An exact transcription of all the data is required; the pictures are to be left out.
━━━ Data excerpt
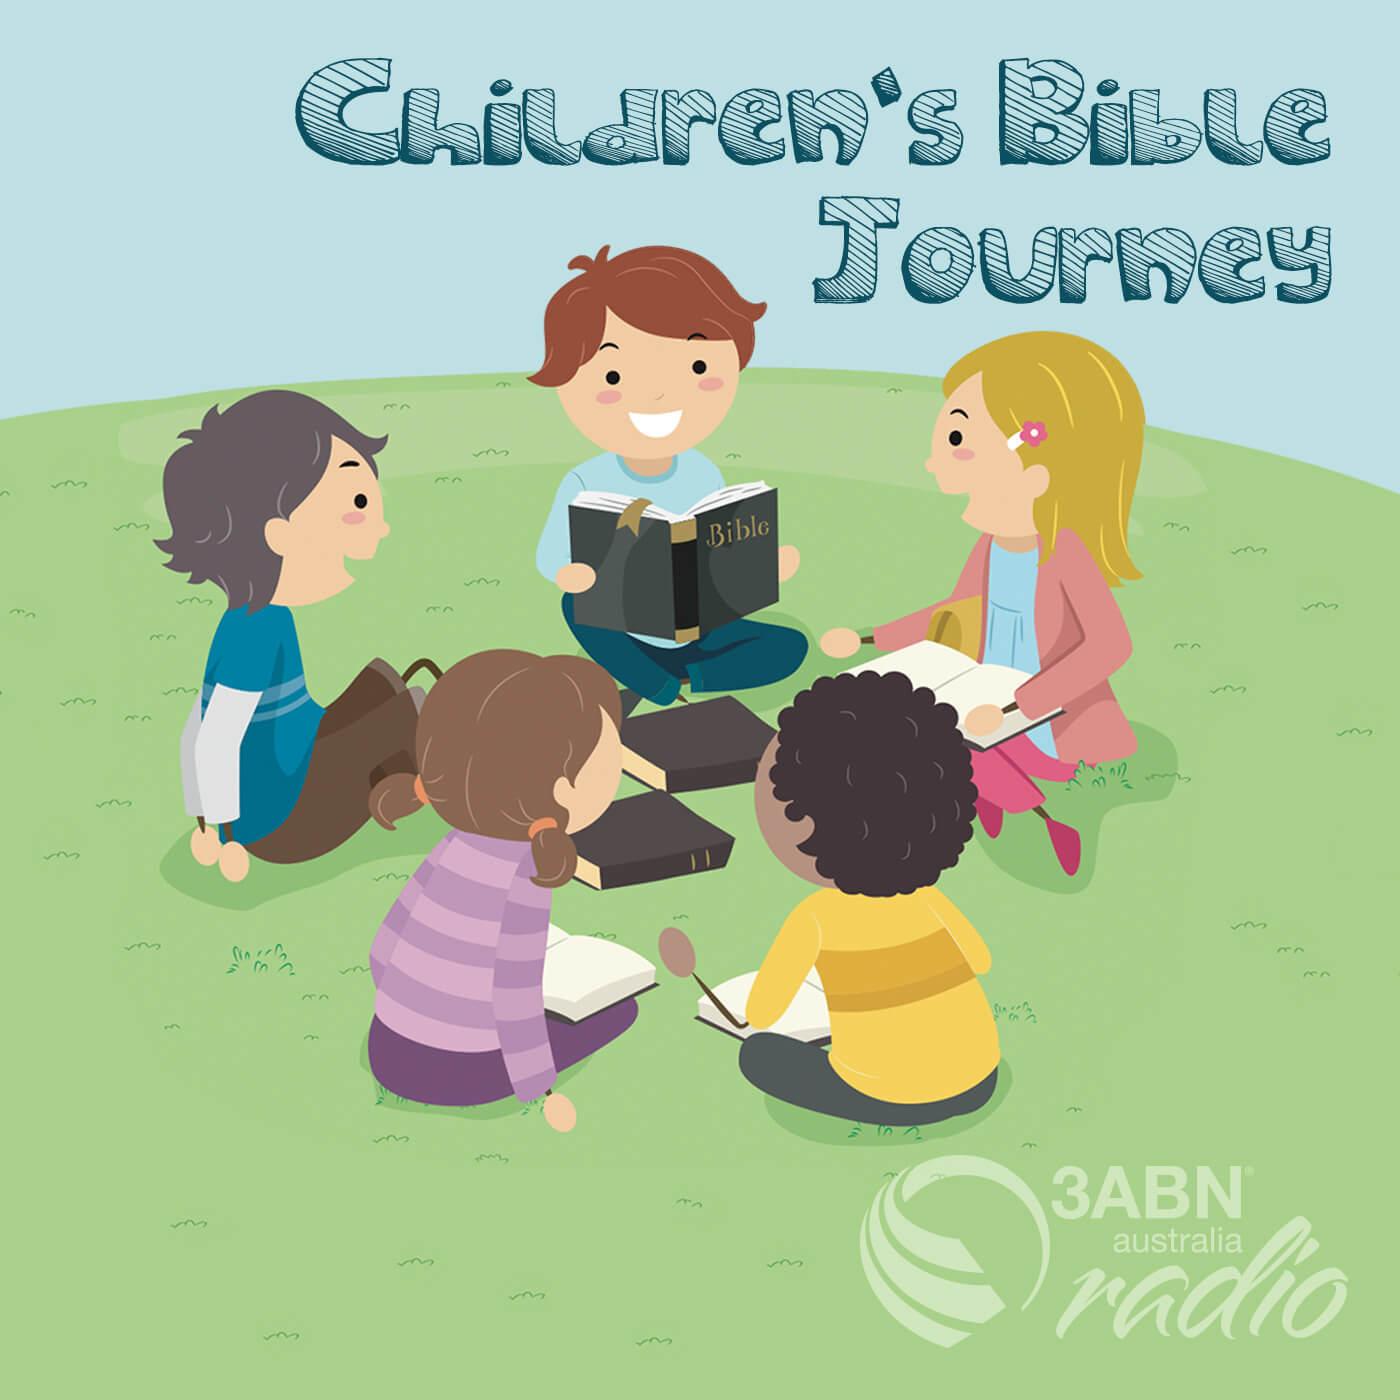 Children's Bible Journey - 2156
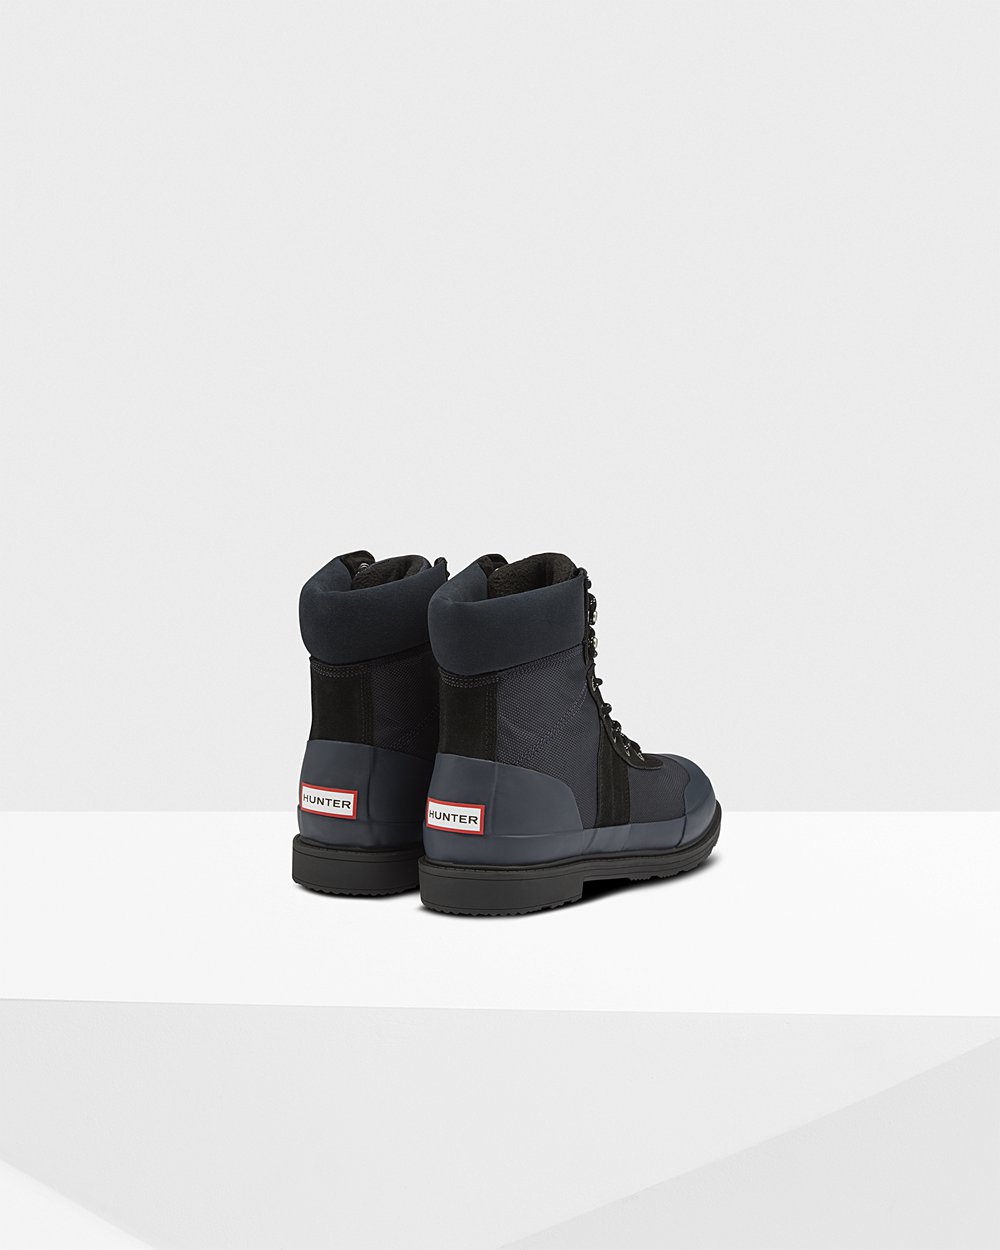 Mens Ankle Boots - Hunter Original Insulated (64OLEYCAJ) - Navy/Black
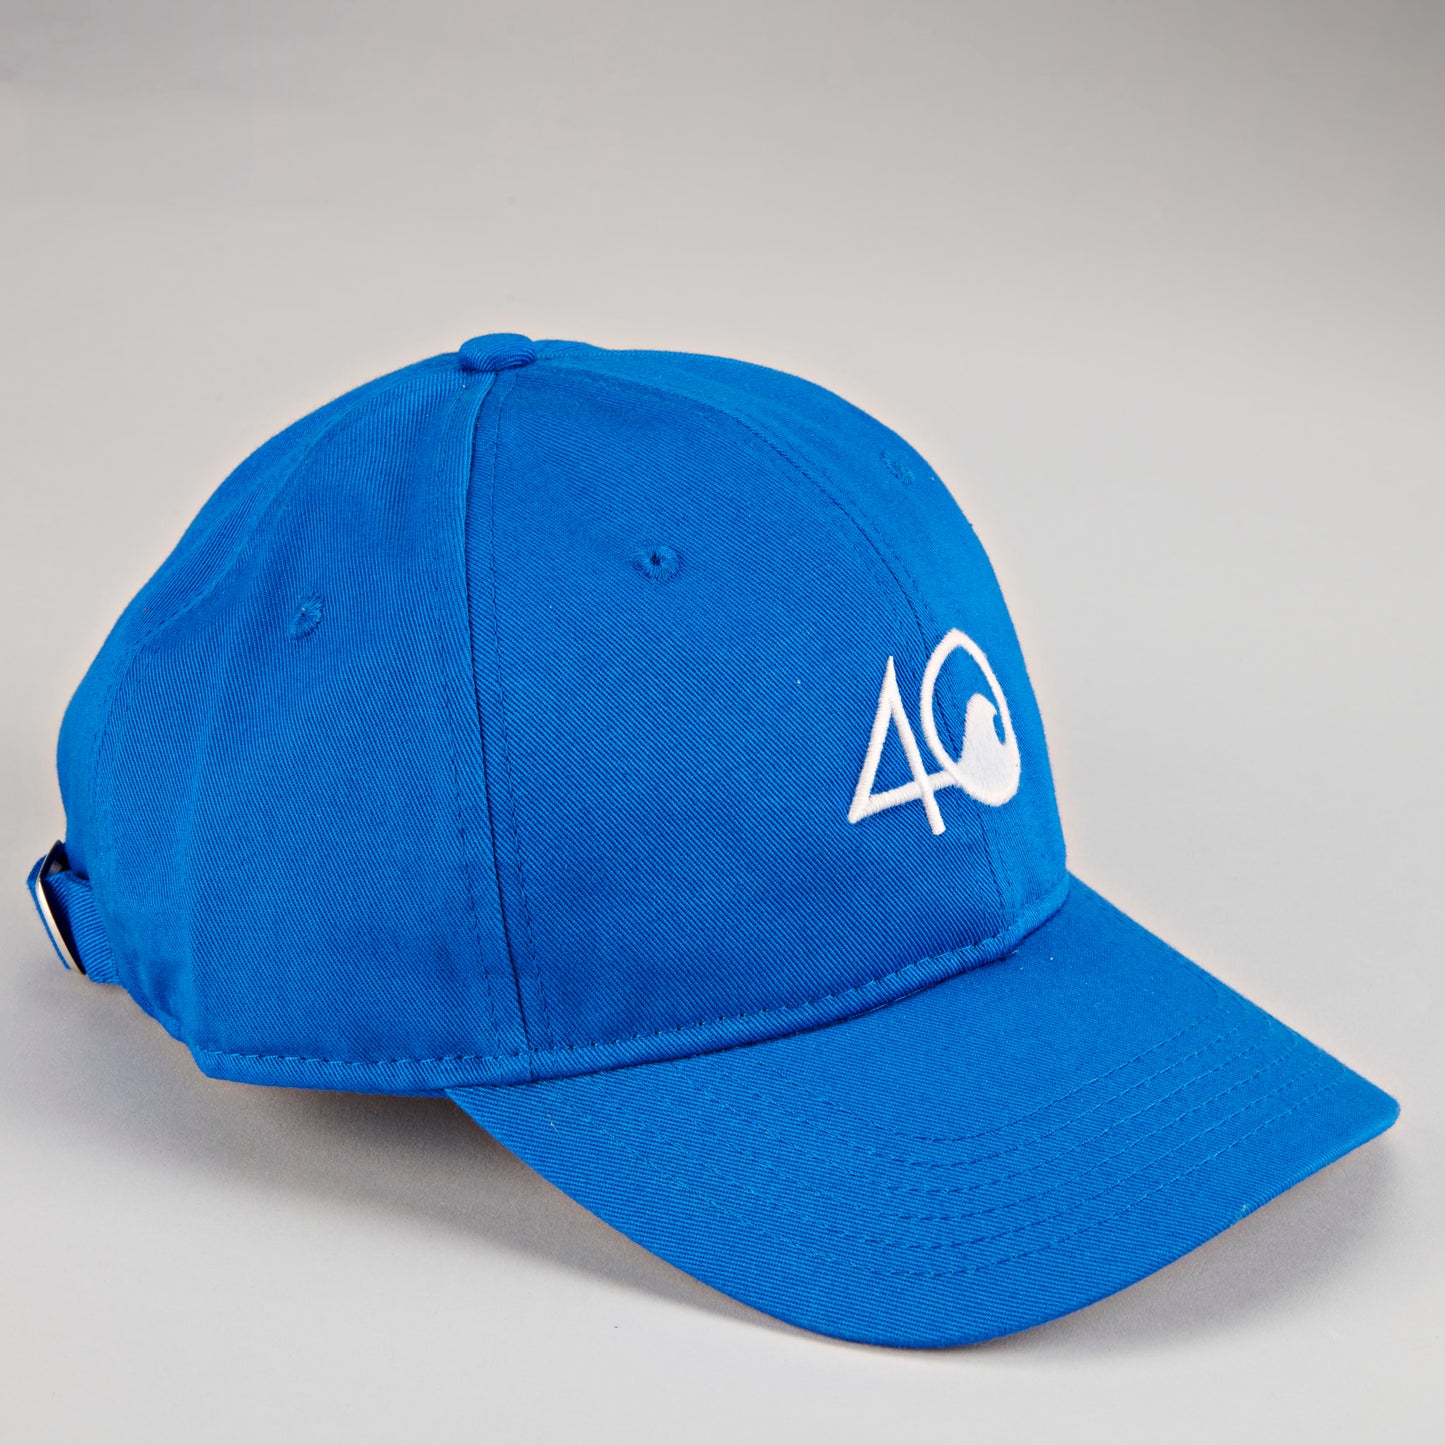 4ocean Chapeau Profil Bas - Logo 4O
━━━━━━
Finished task:
 Children's Bible Journey - 2156
 Mens Ankle Boots - Hunter Original Insulated (64OLEYCAJ) - Navy/Black
 4ocean Chapeau Profil Bas - Logo 4O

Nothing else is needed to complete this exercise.